У нее имелась отвратительная привычка: когда она пила, то обязательно стукала чашкой о блюдце. Звук был очень противный – холодный и резкий. Будто стукал один фарфоровый зуб о другой. Игнациус заранее напрягался. Невозможно любить женщину, которая так стукает чашкой.

Вообще невозможно было любить.

– Я вчера не слышал, как ты пришла, – раздраженно сказал он.

Аня выпрямилась и хрустнула пальцами. – Мы ходили в театр, – сказала она.

– Кто это – «мы»?

– Весь отдел.

– Двадцать восемь человек?

– Ну, конечно…

И она покраснела. Она не умела врать.

– Ты не умеешь врать, – сказал Игнациус. – Впрочем, теперь это – все равно. Был скандал с Горгоной, что не запираем дверей. Она будила меня четыре раза. До трех ночи. Я же просил тебя…

– Я ходила в театр, – упрямо повторила Аня. Звонко стукнула чашкой и спохватилась. – Пожалуйста, извини… Как ты думаешь, могли бы мы поменяться? Комната на комнату. Или еще как-нибудь? – Она придавила мизинцем синеватую дрожащую жилочку на виске. – Вчера Горгона выдумала, будто я отсыпаю у нее манную крупу из шкафчика. И повесила амбарный замок. А сегодня ворчит, что ночью у нее откусили половину котлеты.

– Порядочные девушки не жрут по ночам чужих котлет, – сказал Игнациус. – Порядочные девушки возвращаются домой, как положено. И заботятся о семье. – Он запнулся. – Ну что ты на меня смотришь?

– Ой, забыла, забыла!.. – воскликнула Аня.

Чрезвычайно легко поднялась и выбежала из комнаты. Чрезвычайно легко и чрезвычайно поспешно. Игнациус даже, не выдержав, застонал. В свою очередь, тоже поднялся и дернул разбухшую форточку. Ворвалось бормотание, ударило мокрым снегом. Утро наступало пронзительное, ветреное, сырое – в грохоте обрывающегося льда и в шипении мутной, летящей с поребрика крыш, обезумевшей, талой воды. – Тс-тс-тс, – сказал он себе. Потому что накатывало обычное бешенство. Комната была узкая, тесная, и жить в ней было совсем невозможно. Вообще невозможно было жить. Голая лампочка надрывалась над клеенчатым липким столом, где – которые сутки уже – засыхал в хлебных крошках изогнутый ломтик сыра. Он терпеть не мог сыр. Ничего нет противнее сыра. Неопрятная брошенная развороченная тахта желтела неостывшим сном. Валялась скомканная рубашка. Игнациус намотал в пальцы угол простыни и стащил ее на пол – со всеми делами. Нельзя любить женщину, у которой плесневеет в тарелке вчерашний ужин и целыми днями распахнута мелко измятая пустая постель.
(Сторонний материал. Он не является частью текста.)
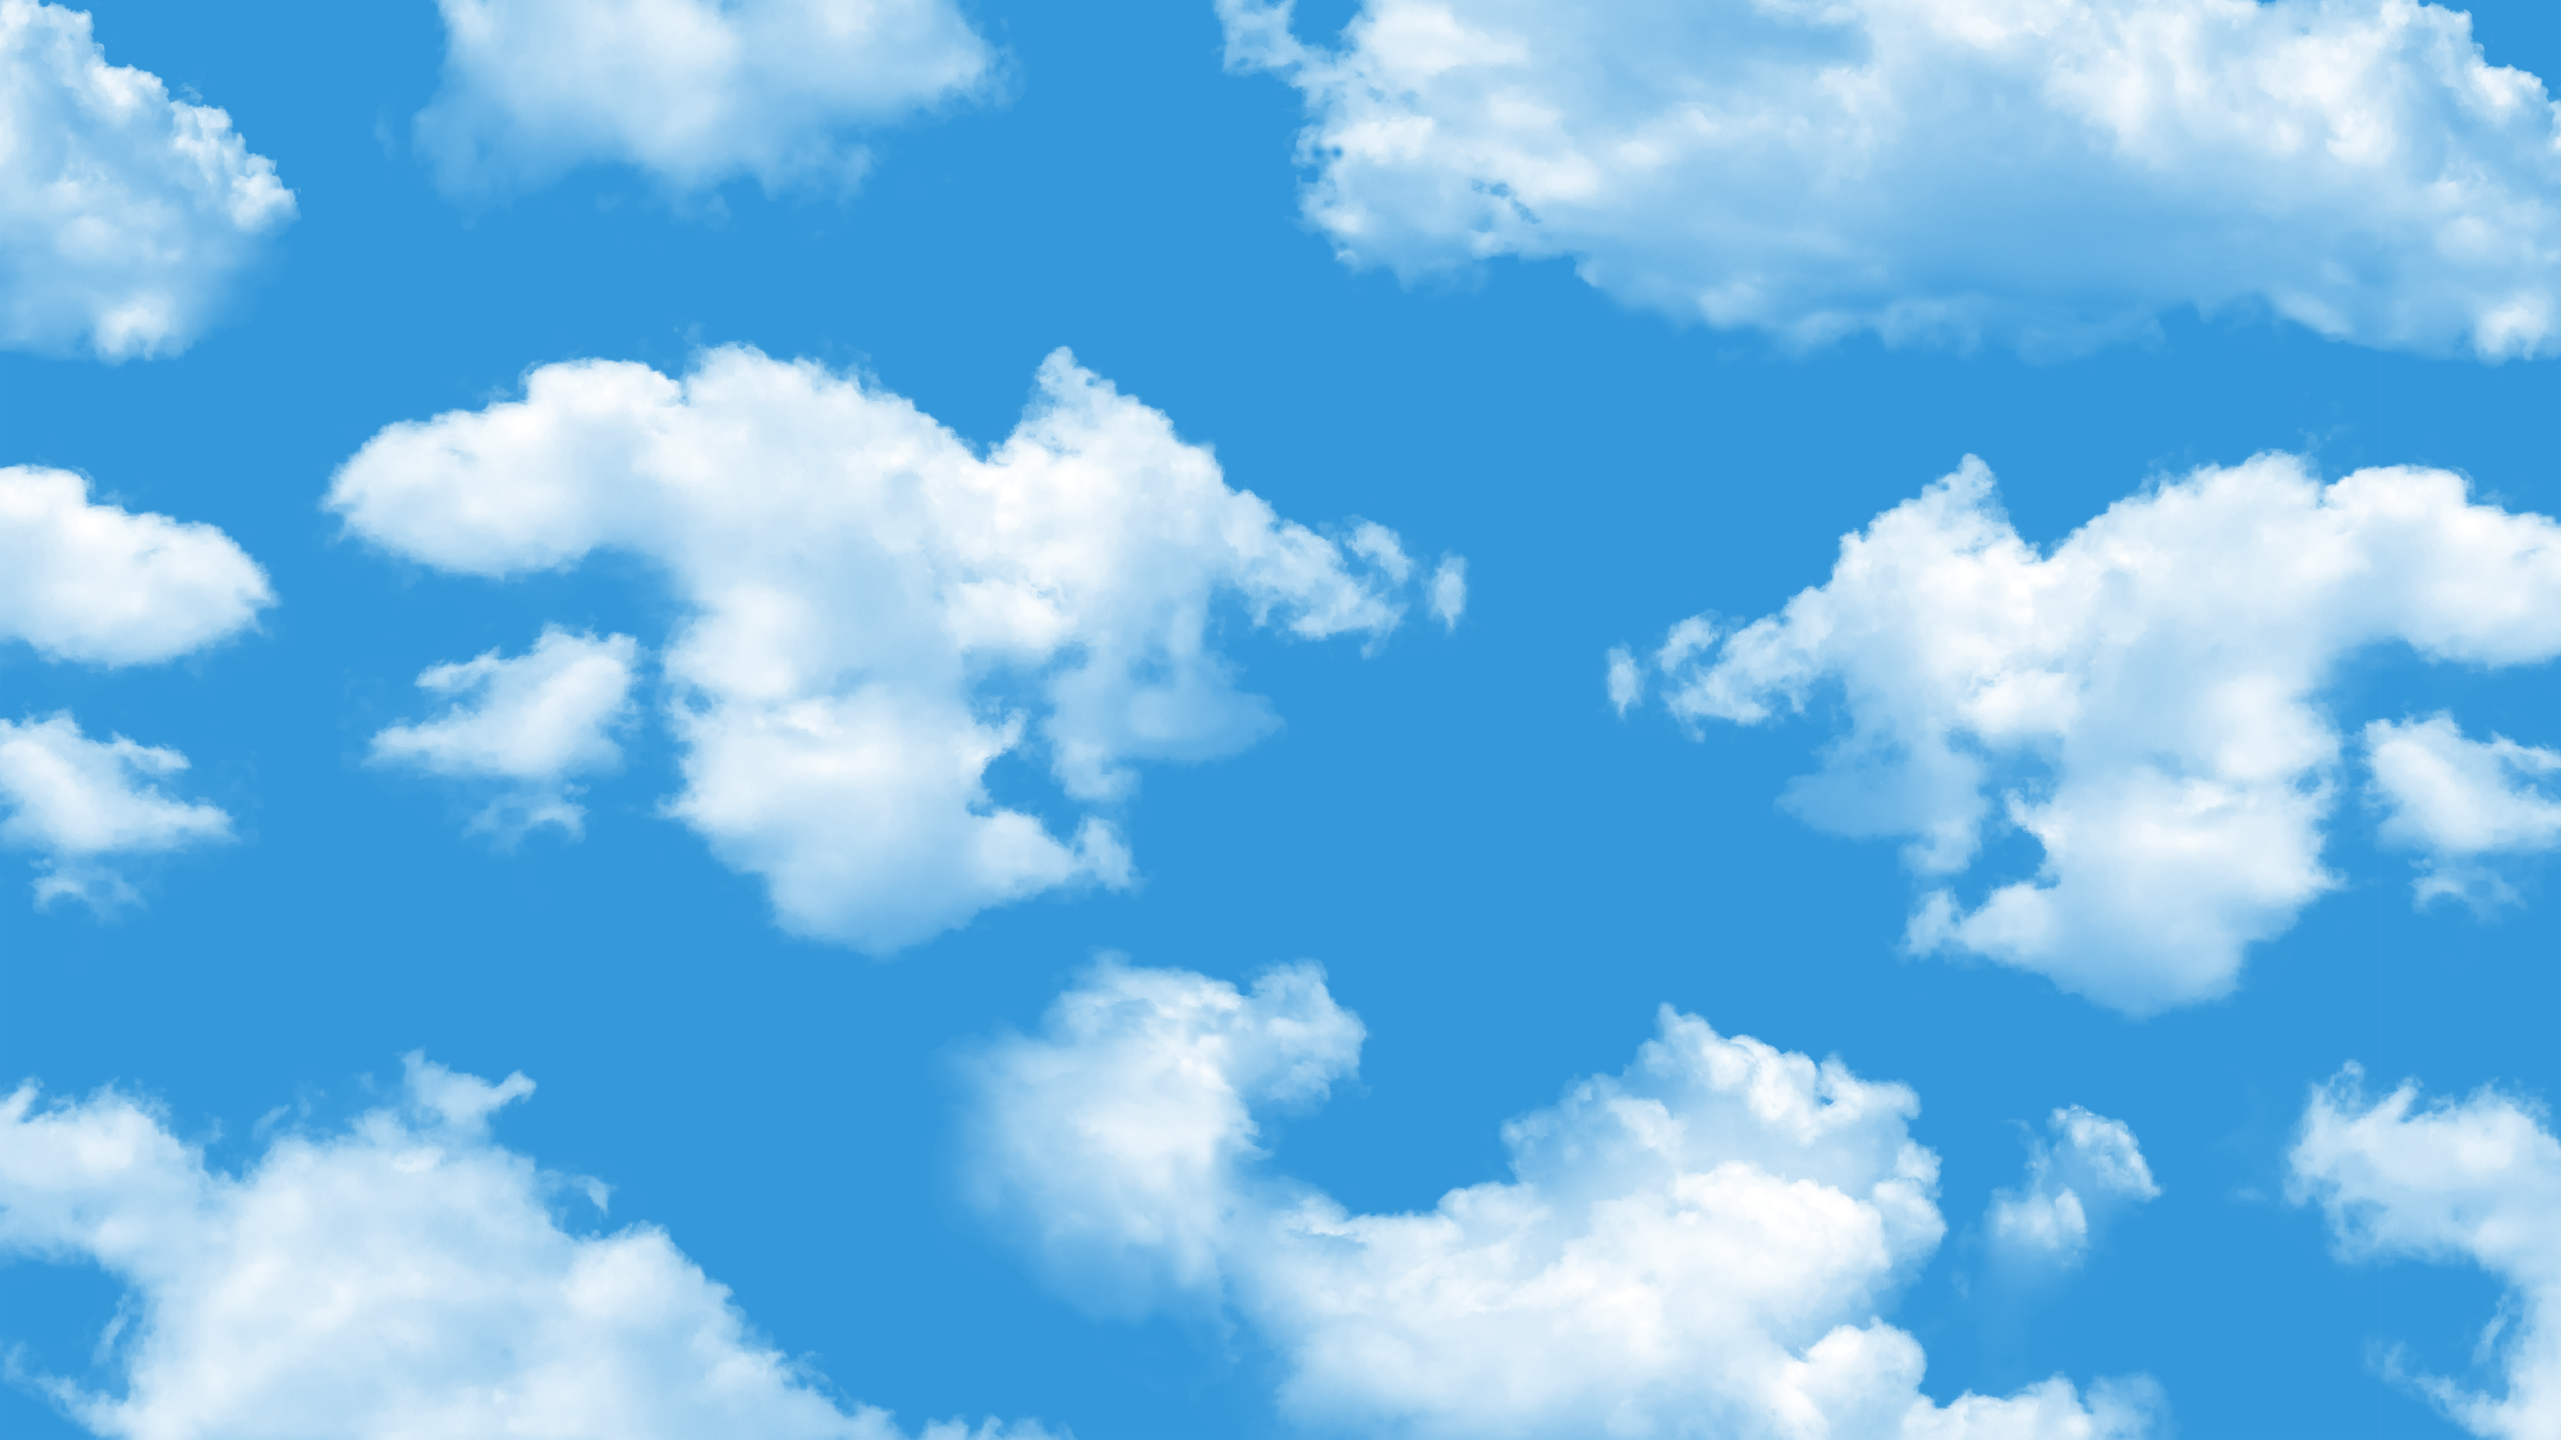 Clouds_Desktop_Wide_2560_1440.png
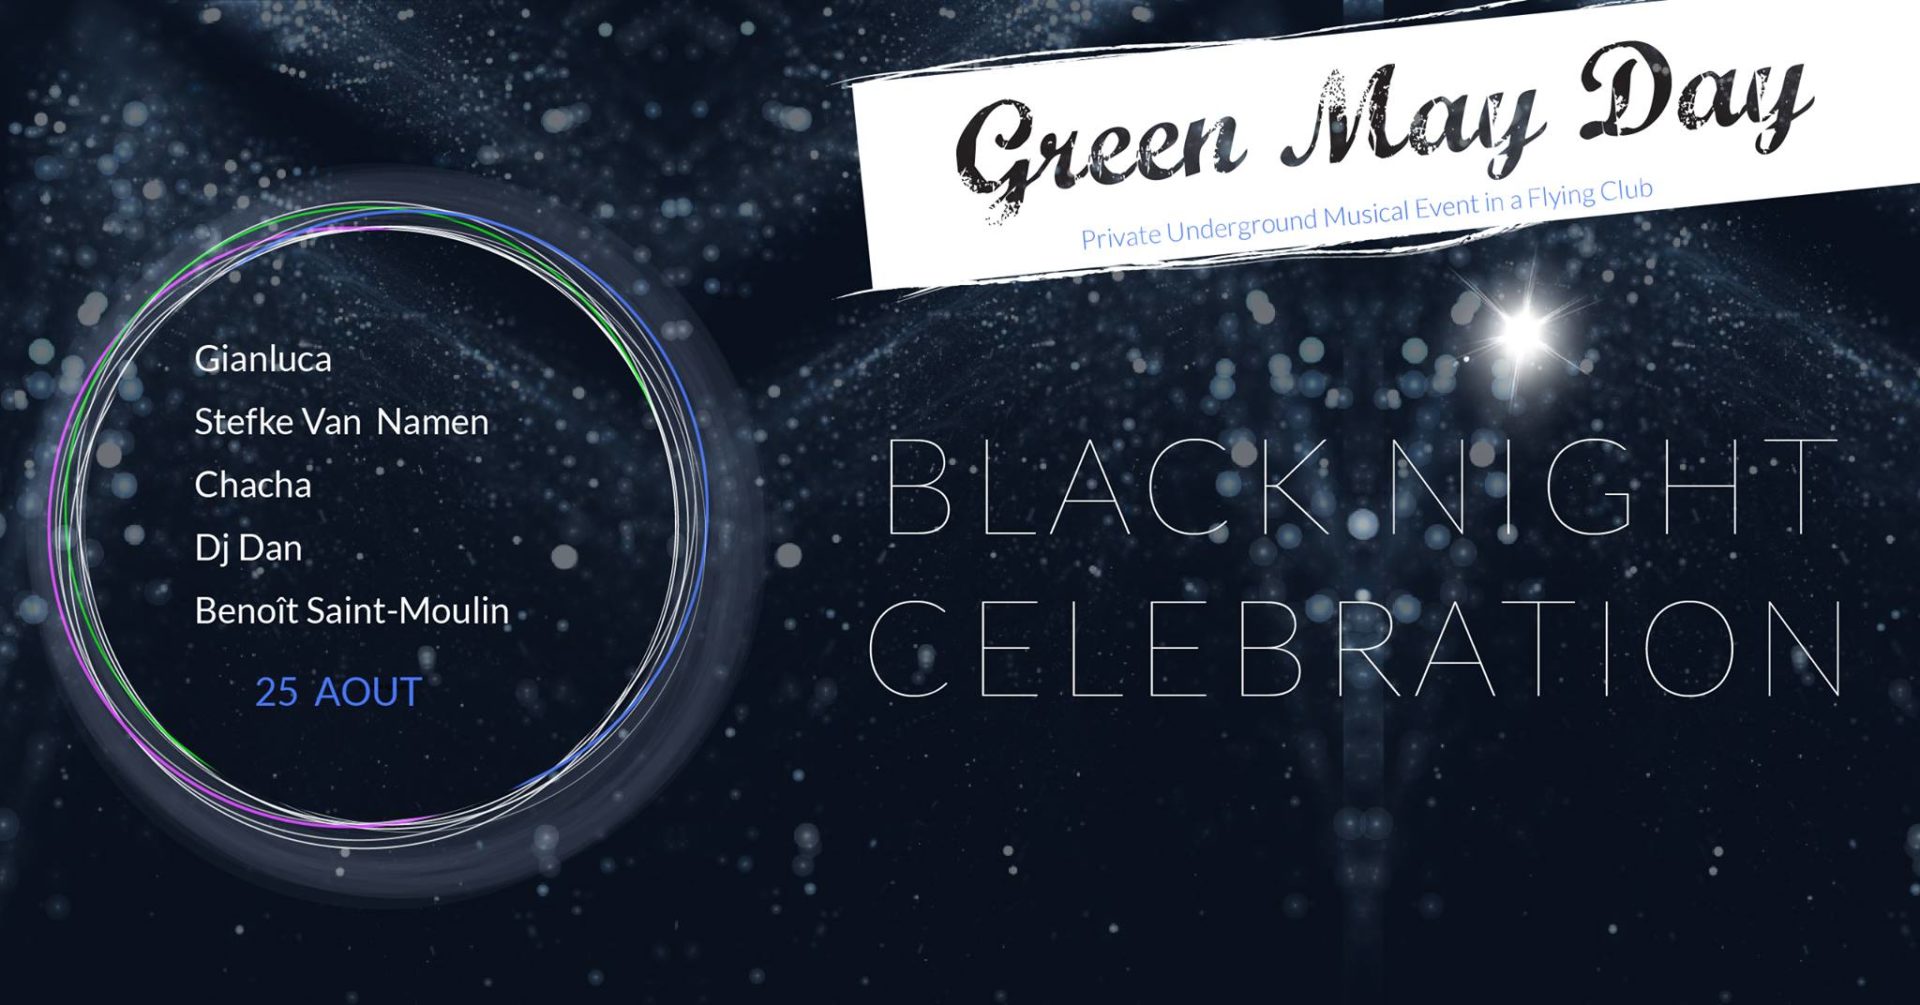 green mayday black night celebration

Он уже говорил об этом – тысячу раз.

Аня примчалась обратно и замахала руками.

– Ой, ты представляешь, я чуть было не сшибла Горгону! Ползет себе по коридору, я – тоже бегу… Еле-еле затормозила…

Она попыталась улыбнуться.

– Я опаздываю, – напомнил Игнациус.

– Сахара, оказывается, нет, и – у меня кончились деньги…

С деньгами было совсем плохо.

– Сколько тебе нужно? – спросил он.

– Рублей двадцать.

– Подумаем…

Ему было стыдно. Аня посмотрела на сброшенные подушки и ничего не сказала. Она ничего не говорила в таких случаях. Будто не замечала. Все-таки надо сдерживаться. Он стал слишком раздражителен. Это ужасно. Это старческое перерождение психики. Он знал об этом. И все-таки надо сдерживаться. Мелочи. Быт. Суета. Она очень старается.

– Неужели же ты не могла все, как следует, рассчитать! – вдруг взорвавшись, запальчиво сказал он.

Накатила горячая душная болезненная волна.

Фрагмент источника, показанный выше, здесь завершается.